Haven't dealt with language codes in programming before, so I'm on a learning curve here. Thanks for helping me! :)

Best regards,
Tobias

On 04.06.19 03:56, Michael Johnson wrote:
What is a "known" language? One you can speak?
Check the ISO 3-letter language codes and corresponding language names. Or read 
the .conf files.
ALL of the languages on eBible.org have language codes that can be mapped to a 
language name, usually 2 language names: one in English, and one in the 
language it is in. Note that if you limit yourself to 2-letter language codes, 
you ignore most of the languages spoken on this planet. Use the 3-letter ISO 
codes.

On 6/3/19 11:06 AM, Tobias Klein wrote:
I can answer the point about the number of repos and translations.

Basically I filtered on "known" languages. If a repo didn't have any "known" languages it 
was also hidden. A "known" language is one where the language code can be mapped to a language name.

Is there any way to render the language codes of all those indigenous languages 
on eBible.org into something more readable than a few letters?

Best regards,
Tobias

Am 3. Juni 2019 21:01:56 MESZ schrieb Tobias Klein <cont...@tklein.info>:

     Hi Troy,

     Yay! I'm excited to hear that Ezra Project works for you and thanks for 
this report! :)
     I'm glad I found some tools that allow packing of Electron applications 
into *.debs and *.rpms rather easily.
     I now have a script that can create packages for Ubuntu 18.04 & 19.04, 
Fedora 29 and CentOS 7 in one go, so for future updates it's gonna be easier with 
the packaging. I may still add some other distributions based on demand. The 
packaging for each of these distributions is done in individual Docker containers, 
which also really helped to get this done efficiently.

     The repos list doesn't seem to show all the repos available from our 
registry.
     Oh, ok. Interesting. I though I'm just showing the content of the "master repo 
list".
     Which repos are shown on your computer and which are missing?

     Essentially I'm just calling installMgr->/refreshRemoteSourceConfiguration/(), 
then installMgr->/saveInstallConf()/ and then I'm iterating over 
/installMgr->sources/ to get the repositories.

     Selecting CrossWire and choosing Greek, English, and Hebrew, I don't see 
the WHNU Greek module.

     Noticed the eBible.org repo only shows that is has like 74 modules 
available, but I think Michael has like 2000 or something :)

     Currently only modules with "recognized languages" are shown.
     When loading the languages I'm separating them into "known" ones and 
"unknown" ones using the ISO-639-1 Javascript module.
     https://www.npmjs.com/package/iso-639-1#validatecode
     Only the "known" languages end up being shown in the installation wizard. 
I should change that and also show the other ones below the recognized languages in the 
installation wizard.

     I like that I can have multiple tabs of different Bibles pointing to 
different locations.

     Noticed Hebrew (module: WLC) is left justified.  You should be able to key 
off the config entry: Direction=RtoL

     Thanks for the hint!

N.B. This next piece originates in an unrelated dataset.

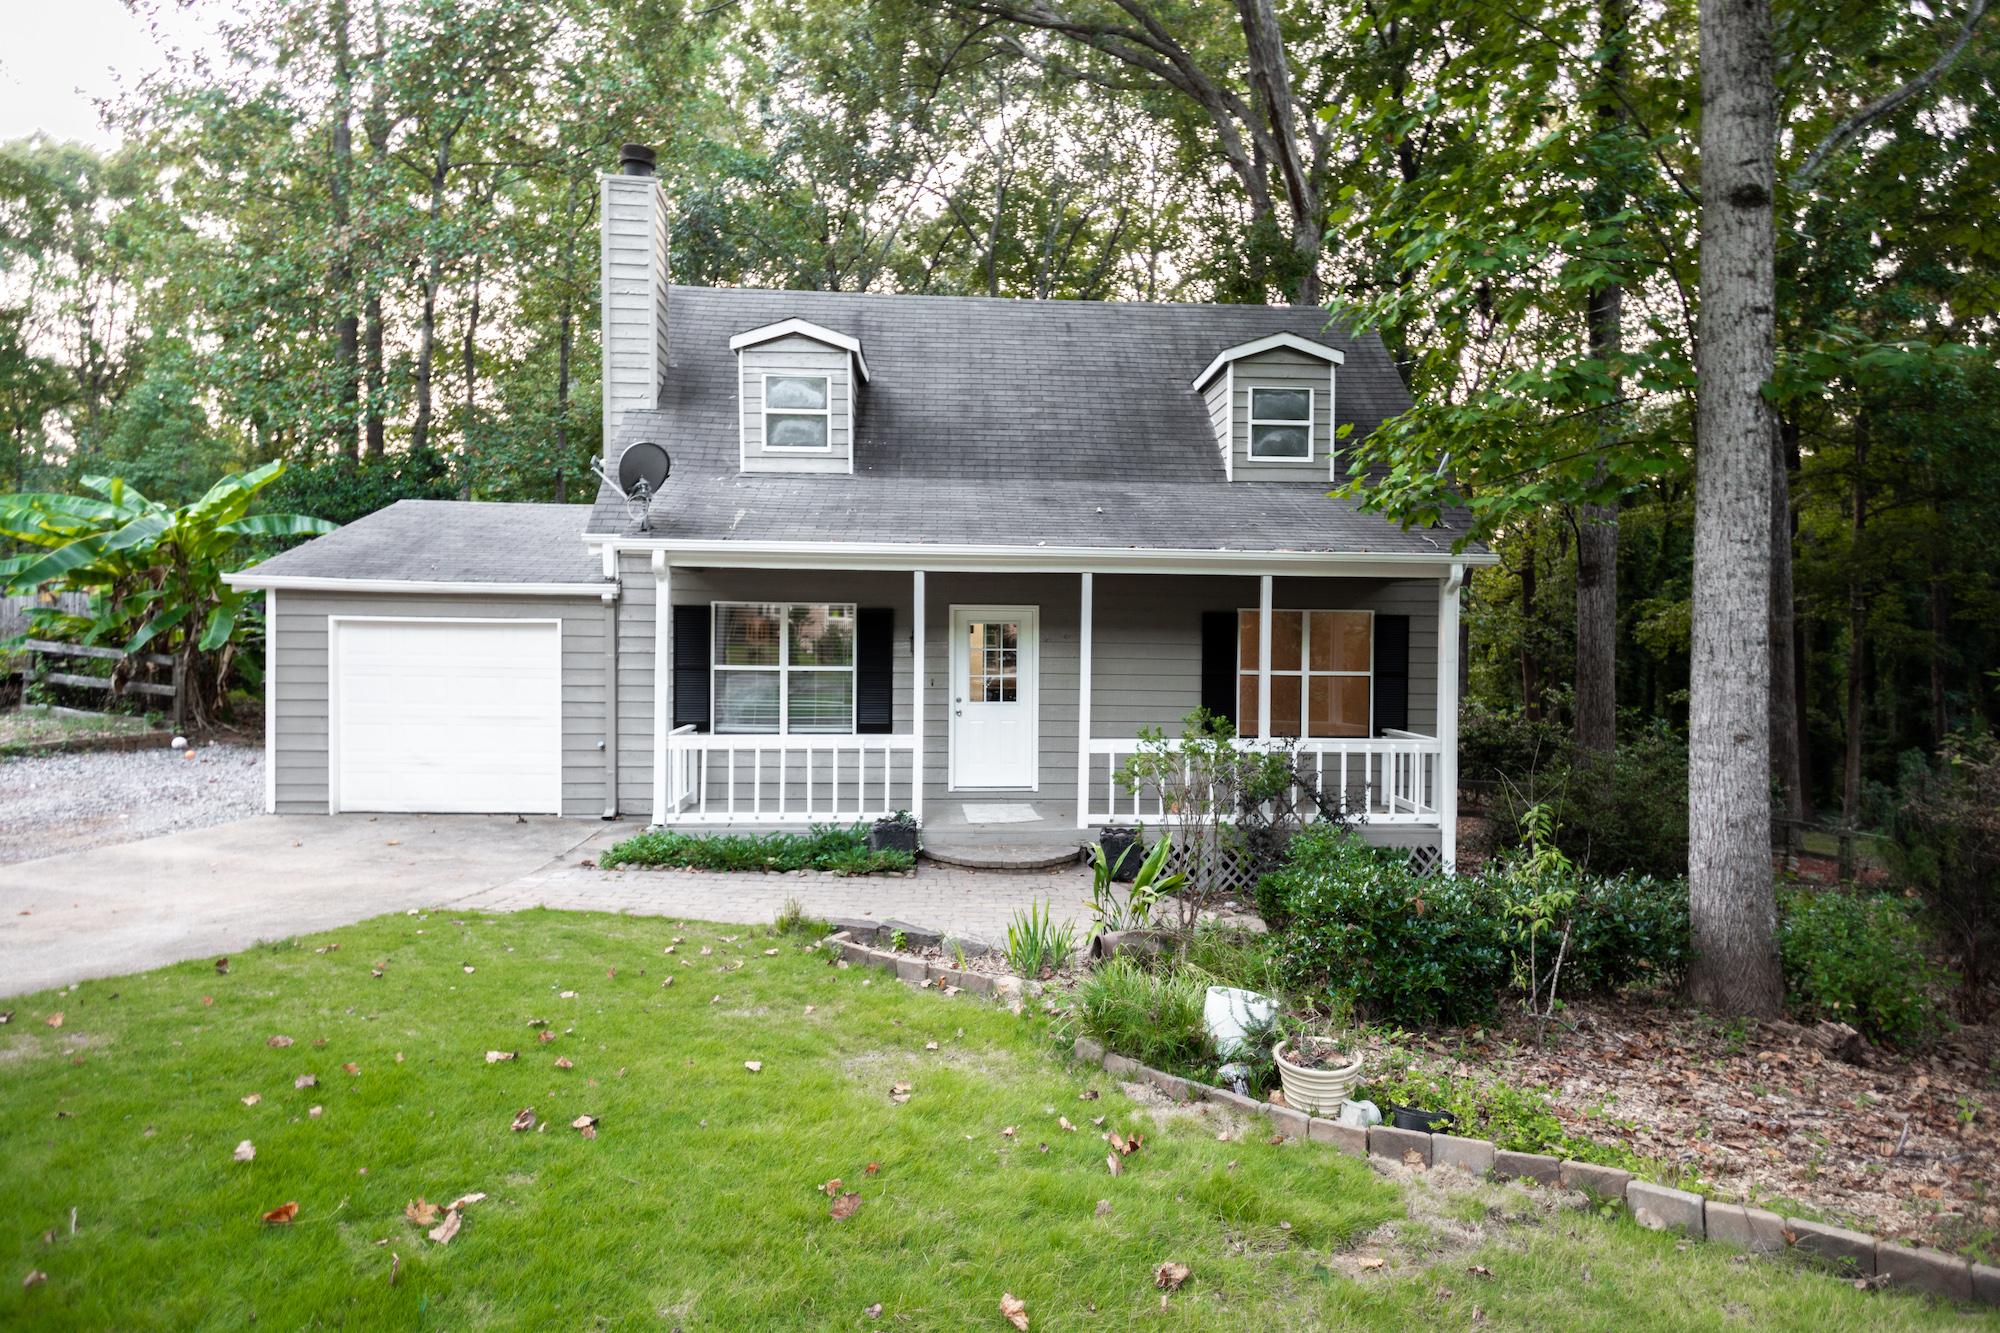 woodstock-home-for-sale.jpg

Could I do that automatically based on certain 
information in that bible's *.conf file?

     I like that I can highlight multiple verse and then click a tag to add 
them to that tag.  I am not sure if they are tagged individually, or as a 
group, but regardless, they all seem to be tagged.

     They are tagged individually in the database.

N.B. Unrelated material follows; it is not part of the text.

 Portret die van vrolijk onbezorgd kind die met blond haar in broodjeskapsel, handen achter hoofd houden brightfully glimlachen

     I am not sure how to show all the verses associated with one of my tags.

     Click on "Select tag" (next to "Select book") in the menu above the text display 
area and choose one. You can also choose multiple ones. Then click on "Select tag" again to hide 
that dropdown.

     I notice you're not showing all the books associated with the current 
module.

     Yes, that's correct. At the moment the books shown is a static list. The 
only thing dynamic is that within that static list Ezra Project checks which of 
these books are actually available and disables the links if they're not.

     Great start!  Thanks for your work!  I am sure building up personal tab 
libraries of Bible topics and sharing those with others can be a wonderful way 
to study God's Word.
     Thanks for the encouragement :). Sharing a tag library could be a feature for the 
future. At the moment a "Word export" is implemented, but that obviously is not 
the same as sharing a technical database. I could implement a simple JSON or XML 
export/import to support such a feature.


     There's other features besides tagging that I have on my mind. Generally I want to 
support the user in creating material based on the bible that is not "separate" 
(like separate text documents), but rather directly linked with the text.

     Best regards,
     Tobias


--
Message sent from my phone. Please excuse brevity.